In this case evidence of such past behavior was presented to the military judge here, albeit meager and ineptly handled by the defense counsel. We find that the offered evidence went to consent, was of obvious critical importance to the defense, and that the military judge had no choice but to conduct a hearing, or order a continuance. Either of these alternatives would have been preferable to the summary exclusion of the evidence. Cf. MRE 311(d). See Saltzburg, Schinasi, Schlueter, Military Rules of Evidence Manual, 207 (1981). The defense counsel’s negligence, lack of experience, inadequacy or whatever reason for noncompliance with MRE 412(c) simply cannot justify exclusion of such critical evidence to the detriment of an accused. Aside from any constitutional requirement of admissibility, the reason for this is obvious. To exclude such evidence under such circumstances immediately raises the issue of the defense counsel’s adequacy and the accused’s right to effective assistance of counsel. Thus whether an appellate court reverses a conviction because of the exclusion of critical evidence or because of inadequate representation by counsel is of little matter. The administration of justice is not well served in either instance.

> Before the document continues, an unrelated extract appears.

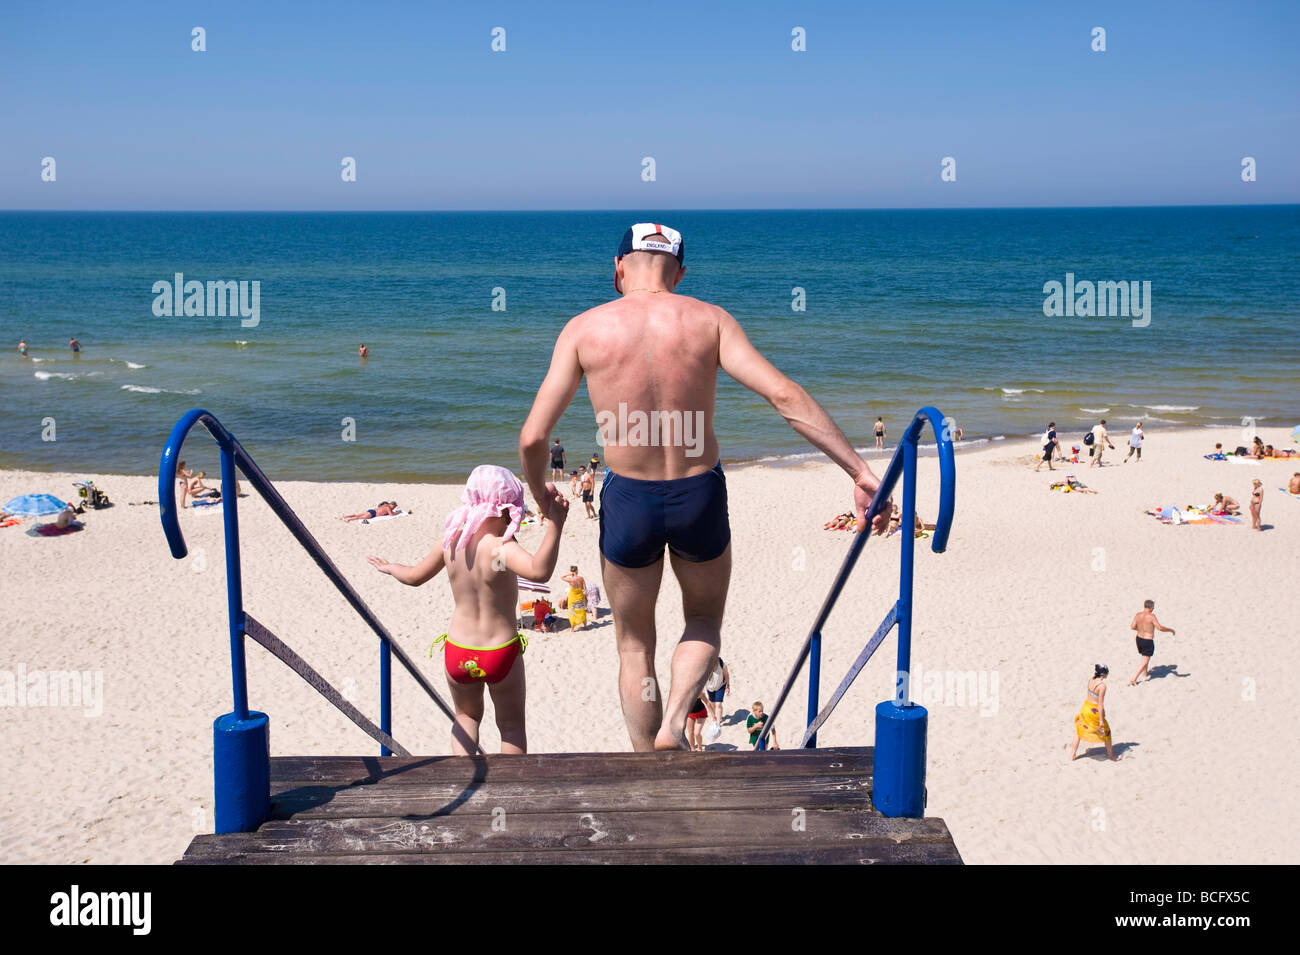 People enjoy hot summer day on sandy beach Baltic Sea Nida village Neringa Lithuania Stock Photo

In view of our holding on the rape charge it is unnecessary to discuss the effect on that charge of the erroneous holding of the military judge which required the appellant to testify over objection regarding the presence of cocaine in his room on the night of 27 May 1981. The appellant did not open the door to such testimony when he testified on direct and we find that the military judge violated his right under the Fifth Amendment to the Constitution, not to incriminate himself, when he required the appellant to testify on cross-examination. We find, moreover, that this inadmissible testimony of cocaine possession on 27 May did not involve or otherwise relate to the events surrounding the appellant’s possession of cocaine on 18 June 1981. The 18 June offense was proven beyond a reasonable doubt by properly admitted evidence.

We have considered the appellant’s remaining assignments of error and find them to be without merit.

The findings of guilty of the Charge and its Specification are set aside. The remaining findings of guilty are affirmed. The sentence is set aside subject to the qualification hereafter stated. The record of trial is returned to The Judge Advocate General for submission to the same or a different convening authority. The convening authority may order a rehearing on the Charge and its Specification and on the sentence, or if he determines a rehearing on that charge impractical, he may dismiss the charge and order a rehearing on sentence only. If he determines a rehearing on sentence only also impractical, the convening authority may reassess the sentence (set aside subject to this qualification).

Senior Judge MELNICK concurs.

. Article 32, Uniform Code of Military Justice, 10 U.S.C. § 832 (1976).

. The record gives us no indication of why the defense counsel failed to pursue this subject on re-direct. Apparently he assumed the military judge’s previous ruling on its admissibility by the defense barred further questioning.






Concurrence Opinion

WATKINS, Judge,

concurring in the result:

I agree that the interpretive principles recently set forth by the Court of Military Appeals in a flurry of Rule 412 decisions, cited in the lead opinion, effectively preclude affirmance of the finding of guilty of the rape charge in this instance. It is apparent that the judicial interpretation currently being given Rule 412 is quite different from that of 26 months ago when this case was tried.

*548The competent evidence of record adequately establishes that the appellant wrongfully, and knowingly, possessed cocaine as alleged in the Additional Charge and its Specification. Accordingly, I join in affirming the finding of guilty of this charge. Finding the other unaddressed assignments of error without merit, I am also in agreement with the overall disposition of this case as reflected in the decretal paragraph of the lead opinion.